Doing right and changing one's mind

Here’s the next picture from my book of 900 Drawing Prompts. (The previous prompt appeared on October 30.) This one's called “Lion”.

Dear diary,

I’ve never been wealthy. And being lower class used to bother me, until I started telling myself: It doesn’t matter if you have no money, so long as you have intelligence. Yet now that I’m kinda slow, cuz I’ve passed middle age, I tell myself: It doesn’t even matter if you lack intelligence, so long as you have compassion. The only problem with this new stance is that I’ve never been good at acting on my compassion. Not that I’m miserly or disinclined to feel respect for others; on the contrary, my heart overflows with love for all this world – I strongly agree, when I read at the end of William Blake’s Marriage of Heaven and Hell, “For every thing that lives is Holy” – but I often fail to act on my warmth, because of shyness. I worry too much about what people will think of me.

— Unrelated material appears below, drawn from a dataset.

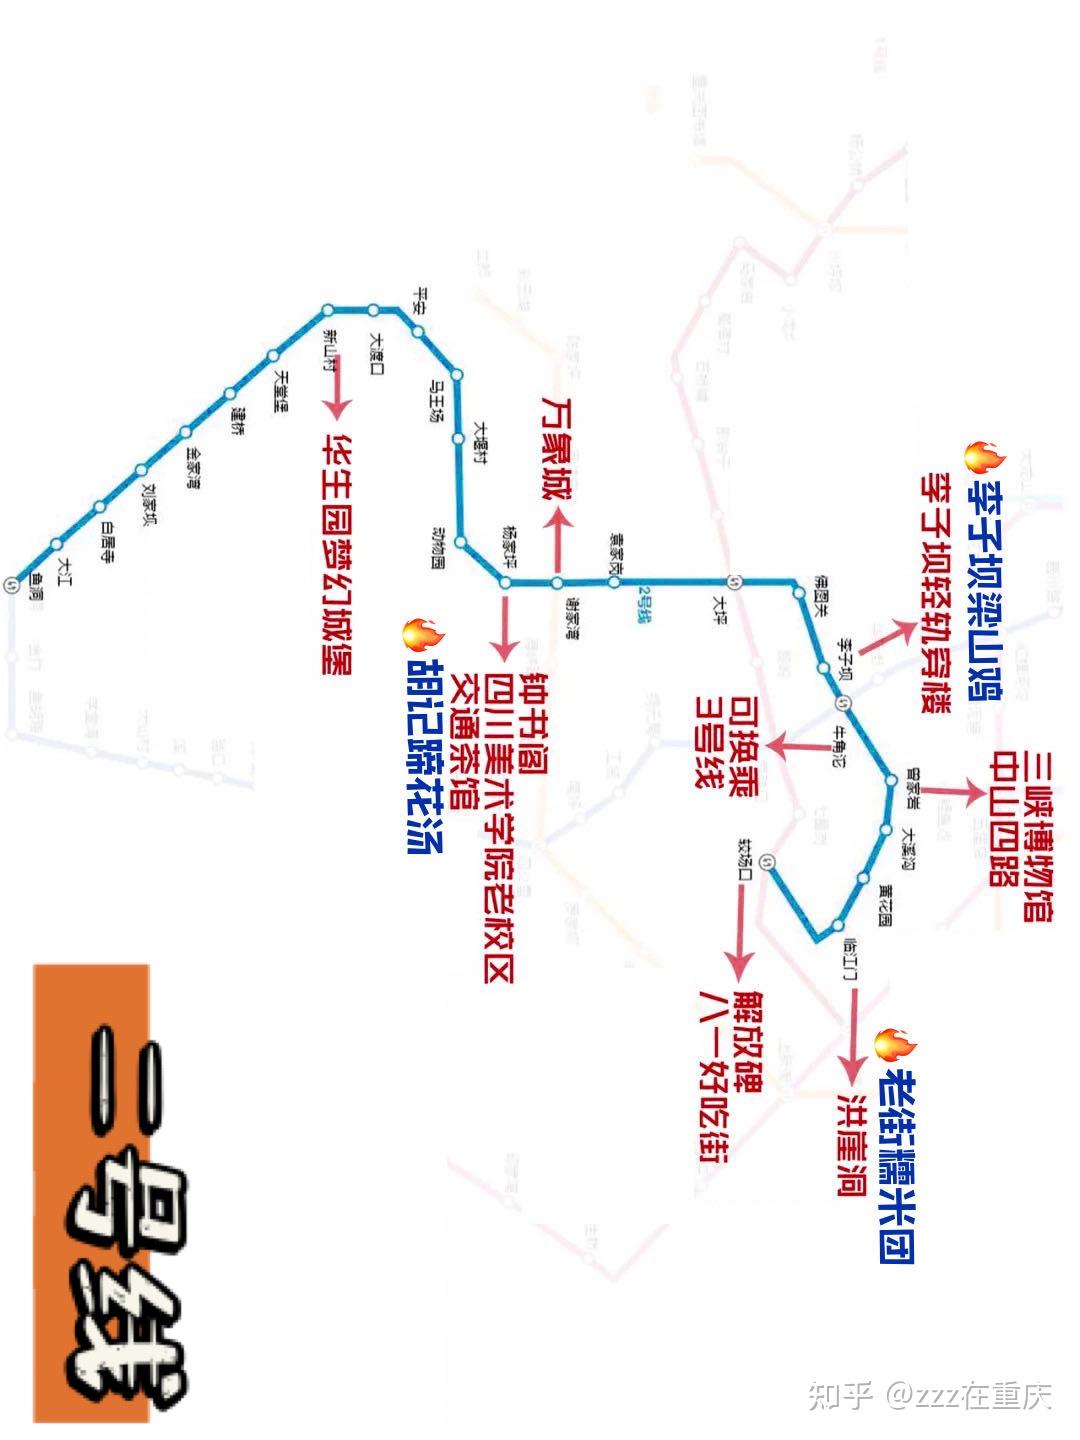 重庆旅游地图_重庆旅游景点地图_重庆旅游每周一图-重庆本地宝

Plus I don’t wanna be that fool who thinks he’s helping when he’s really harming. I’m afraid that my generous intention will move me to, say, mow my neighbor’s lawn for him while he’s gone. Then, later in the afternoon, when he returns, I’ll be at the window in my own house, watching to see his happy reaction to my anonymous favor; but he’ll start trembling with rage and cry out so that the whole neighborhood hears him: “Who chopped down all my begonias!?” Like the lady who lives on the top floor of the building complex, in the movie Rear Window (1954), when she yells at the entire courtyard, addressing everyone collectively (even the audience), upon discovering that her cute little dog is no longer alive—this same dog that we’ve been watching her carefully wheel up to her terrace, intermittently throughout the film, by way of a pulley system attached to a wicker handbasket, not unlike the basket on the back of Ms. Gulch’s bicycle, which the little dog Toto escapes from, in The Wizard of Oz (1939)—another good movie. And Ms. Gulch bears a strong resemblance to the Wicked Witch of the West, if I’m not mistaken. So the point is that I couldn’t tell the difference between long grass and beautiful begonias; thus I mowed down my neighbor’s garden by mistake, and this shows how good intentions can end up causing much evil and mayhem in the universe.

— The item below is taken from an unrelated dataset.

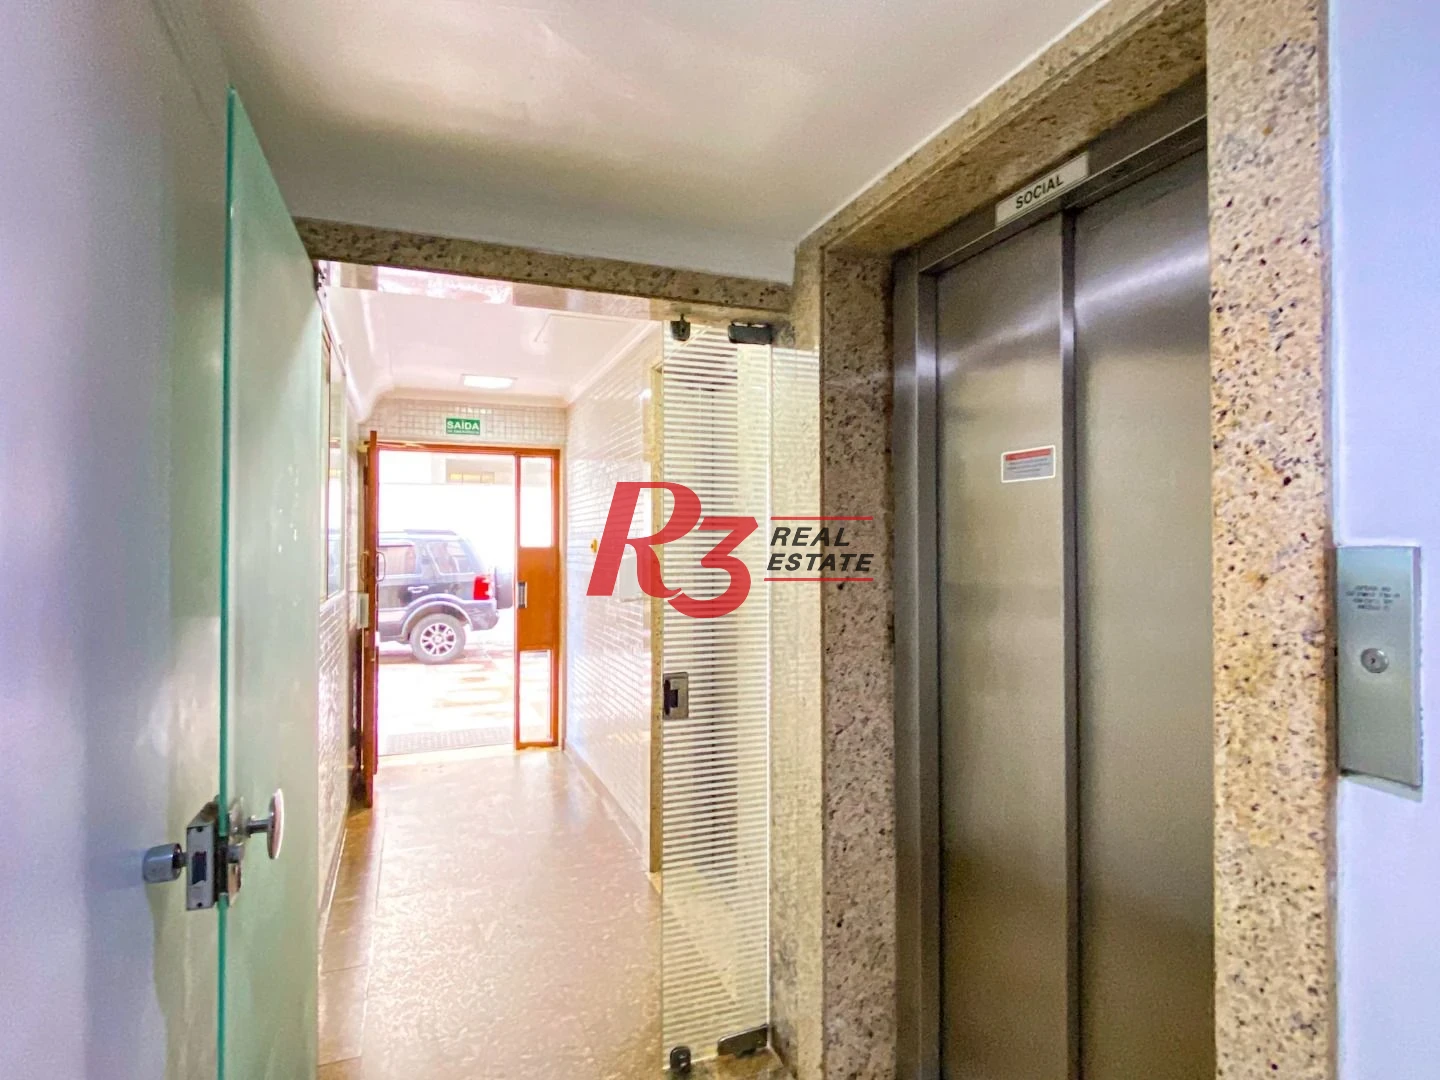 Apartamento com 3 dormitórios à venda, 130 m² por R$ 1.050.000,00 - Gonzaga - Santos/SP

But, this year, I went from hating Halloween to liking it. It’s my favorite holiday now. I was so afraid that our local gangs would come out of the woodwork, using the annual festival as an excuse, and turn our whole community fascist overnight. But, instead, what Halloween did is forge new pathways of communication between us lowerclassmen. Now I know all of my neighbors’ names, their hobbies and interests, their favorite books and movies, their religious beliefs, and more!

We’re scheduled to break bread together, next Tuesday. The whole lot of us. And we’ll continue to do so, regularly, till kingdom come (which is to say: until the next GREAT CHANGE interrupts us – this implies either an afterlife, or eternal death). And when I say “break bread” I mean many fine foods will be served, for man does not live on bread alone, and anyone who lives in the vicinity is welcome to partake. All you have to do is convert to our local culture, which is an offshoot of philistinism. It’s a chance to get to know your neighbors better.

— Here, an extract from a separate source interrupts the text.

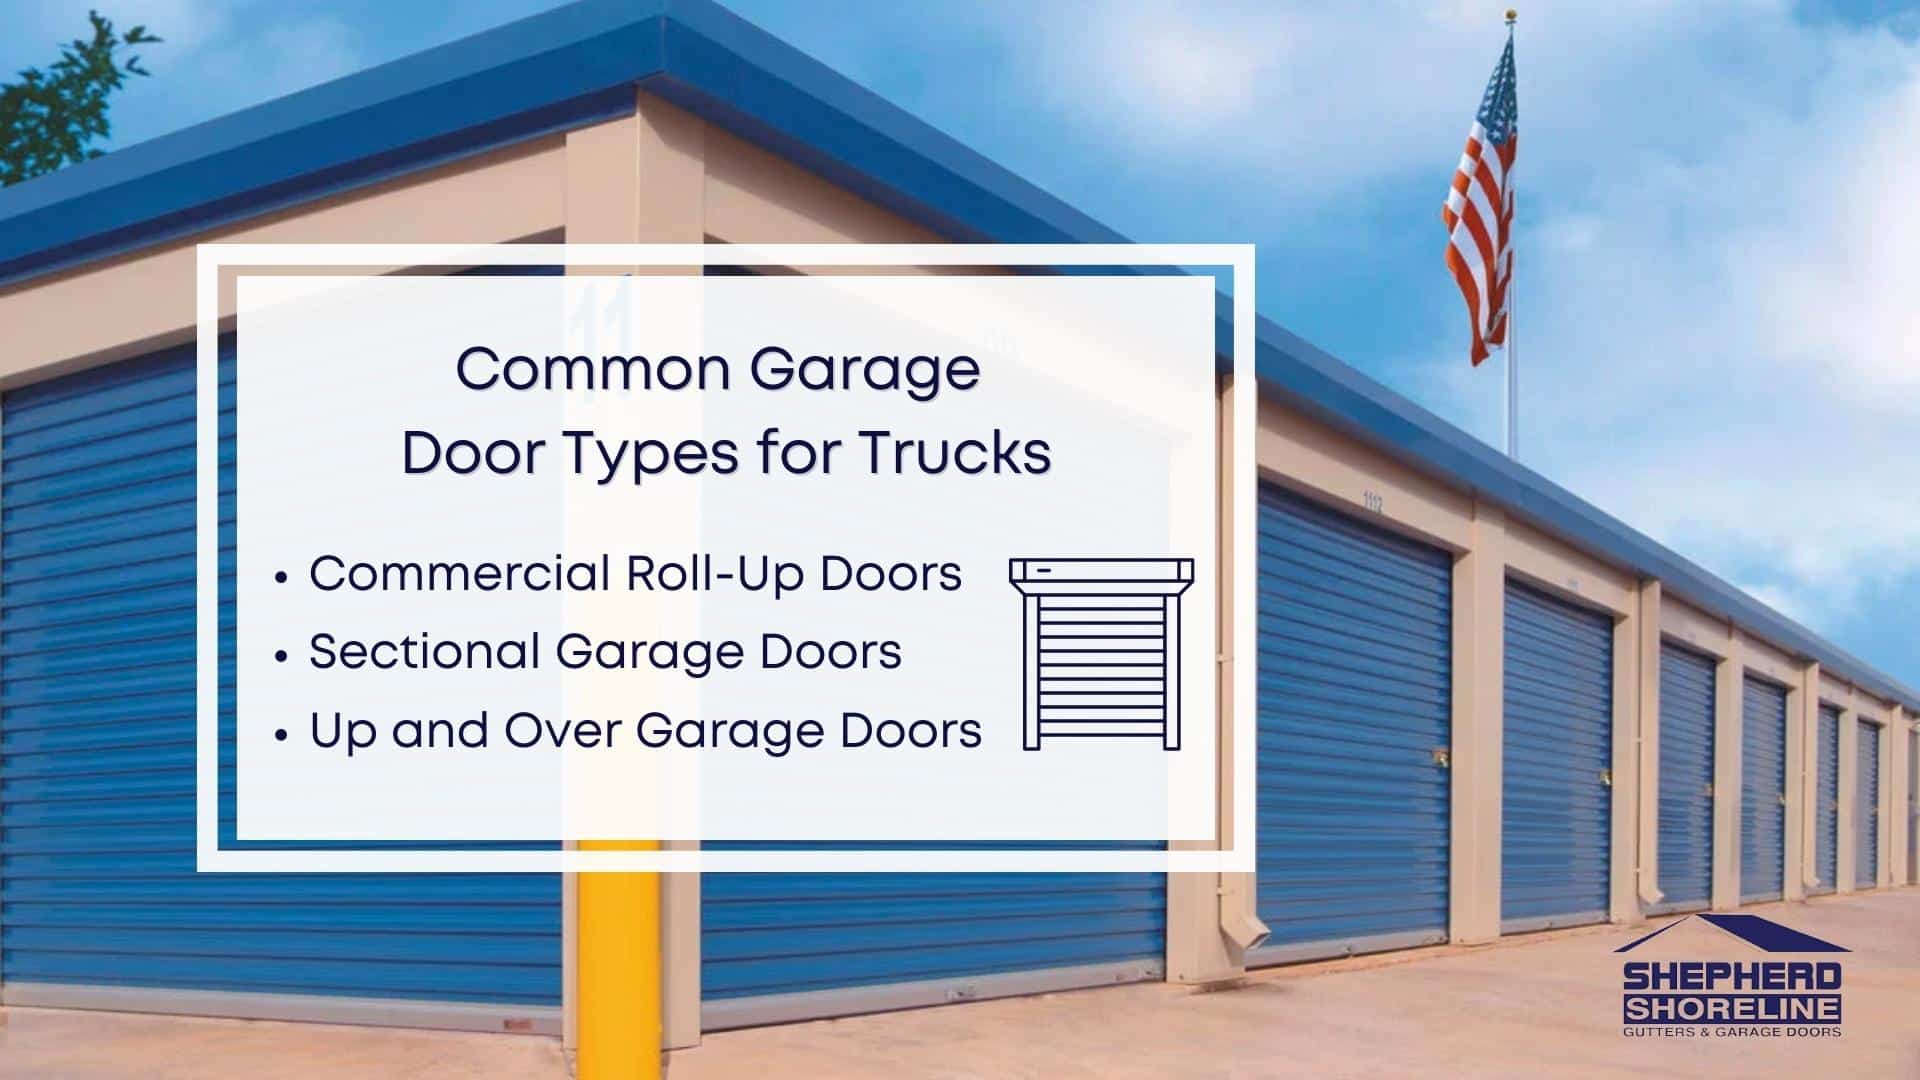 Infographic image of common garage door types for trucks

But I keep wondering: Now that I’m a true believer in Halloween and no longer an infidel, what shall I dress up as, when the empire strikes back? What shall my costume be? Or, here’s a question that is ten times as interesting: What would my costume have been, had I participated just two days ago instead of cowering in my bedroom? (For I hid from the trick-or-treaters while my sweetheart tended the door and handed out candy.) Well, after many sleepless nights and countless meetings with my board of executive shareholders; plus a couple of focus groups that we engaged in, just for good measure; I’ve decided that, for this past year 2018, supposing I had dared to become an accomplice on that eve when the holiday was committed, my Halloween costume would have been [drum roll]: Sabbatai Zevi. My reason for this is as follows:

Since each individual’s life consists of a plethora of details, any summary of a given person’s being is necessarily an approximation, sometimes even verging on a lie; so any soul’s take on Sabbatai Zevi may have nothing to do with the actual truth of his existence, but since we’re focusing on my own silly misunderstanding of his life for the purpose of striking an hypothetical pose at a masquerade, I’ll tell you what the man signifies to me: Sabbatai Zevi claimed (rightly) that he was the long-awaited Messiah; then, upon being imprisoned and threatened by aggressors, he simply converted to his captors’ religion. After which he continued to prophesy flamboyantly. That’s what I’d like to do, in our contentious times: Just keep strong for the Imagination, no matter who is pulling the levers of superpower.